El primer invasor se enderezó, y la joven vio las centelleante fibras ópticas que rodeaban sus torretas cargadas de armas. El cimek la detectó y giró los lanzallamas en dirección al nuevo objetivo.

Justo antes de que pudiera disparar, Camio liberó la energía concentrada en su mente y en su cuerpo. Descargó una tormenta mental que derritió los cerebros de los tres neocimeks más cercanos y dañó a otros dos que empezaban a trepar por el risco. Cinco cimeks eliminados de la batalla.

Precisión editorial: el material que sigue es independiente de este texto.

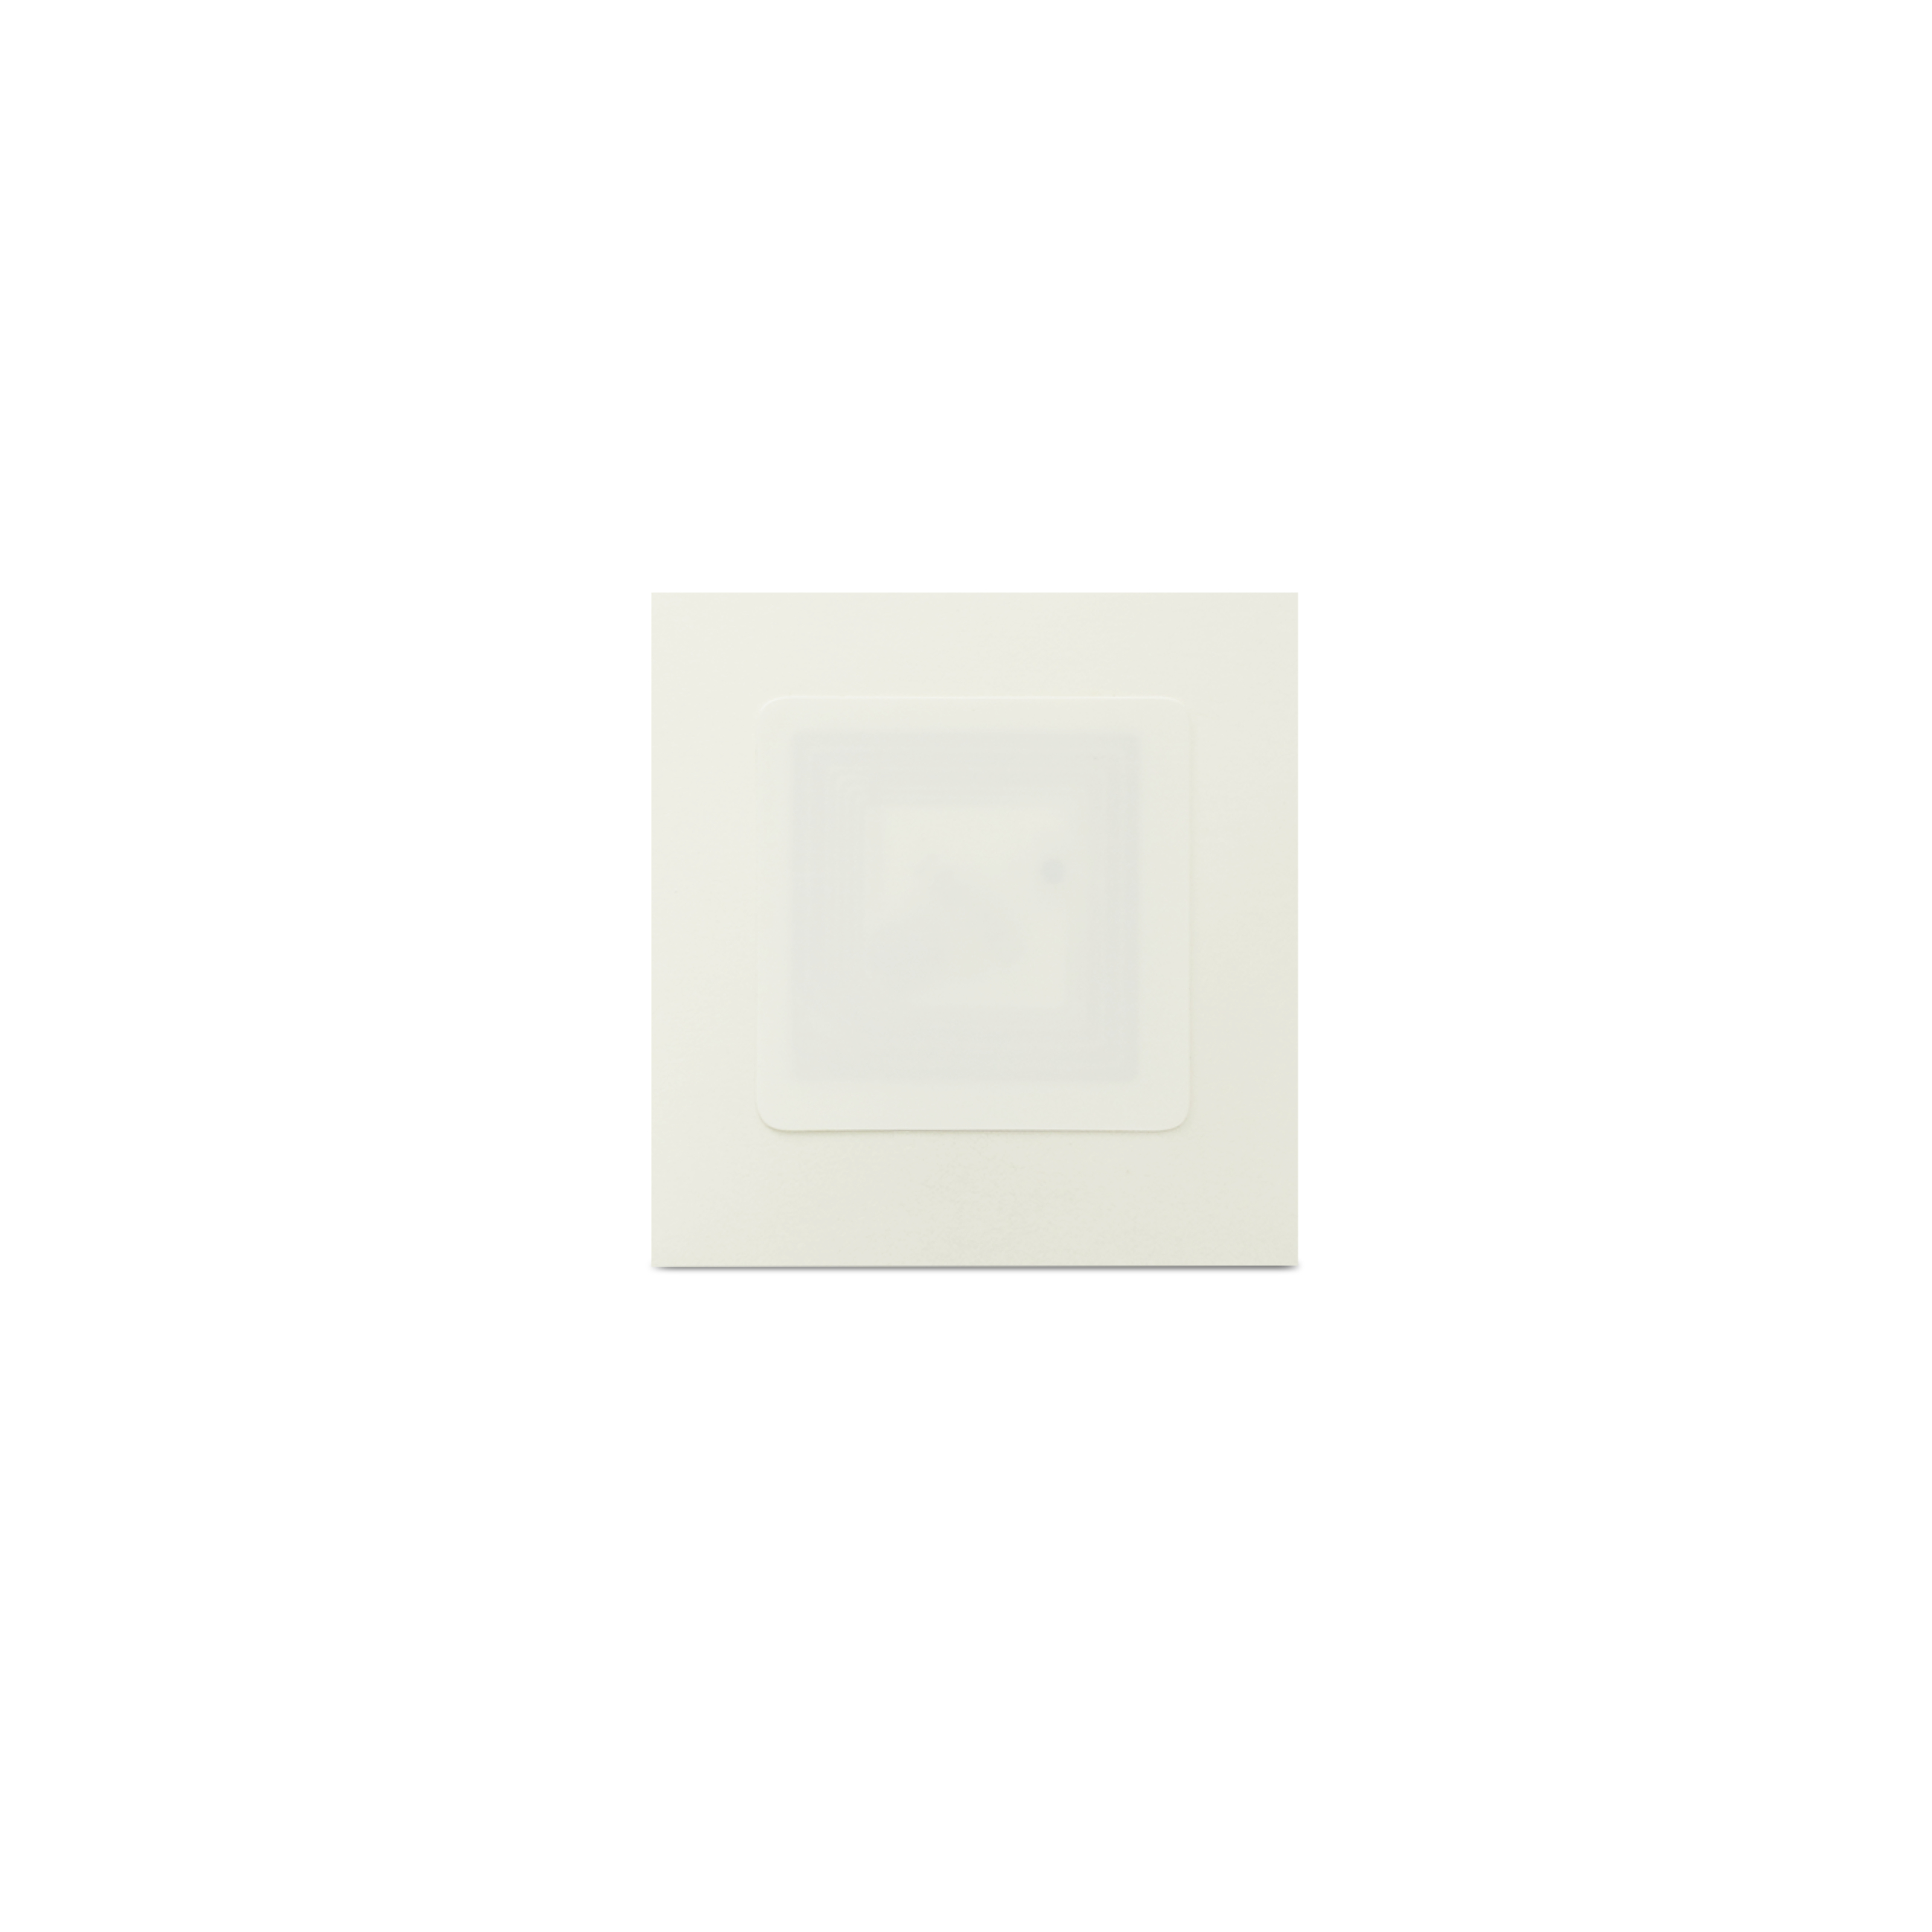 NFC Sticker PET - 18 x 18 mm - NTAG213 - 180 Byte - rechteckig - weiß

Su último pensamiento fue que había vendido cara su vida.

Después de Camio, cuatro hechiceras más fueron saliendo, de una, en una. Cada vez que elegía a una de las mujeres, Zufa Cenva experimentaba la atroz pérdida. Eran como verdaderas hijas, y perderlas era como engullir tragos de ácido. Pero sus voluntarias sacrificaban la vida de buen grado para aplastar la ofensiva cimek.

—Las máquinas pensantes no deben vencer jamás.

Por fin, la sexta voluntaria de Zufa, Silin, regresó viva pero desorientada, con su piel lechosa enrojecida. Se había preparado mentalmente para morir. En cambio, no había encontrado nada que destruir.

—Han retrocedido lejos de nuestro alcance, maestra Cenva —informó—. Los cimeks están regresando a sus naves. Las formas caminadoras y volantes han vuelto a la zona de aterrizaje.

Zufa corrió hacia la ventana. Vio los restos carbonizados de sus cinco comandos caídos, cada mujer abrasada por su propio fuego mental. Vio que las terribles máquinas de cerebro humano subían a sus naves y se elevaban.

Con el tiempo, los refugiados regresarían. Aurelius Venport les traería de vuelta. Bajo su supervisión, la gente de Rossak reconstruiría y repararía las ciudades de los riscos con orgullo y confianza, conscientes de que habían resistido el asalto de las máquinas pensantes.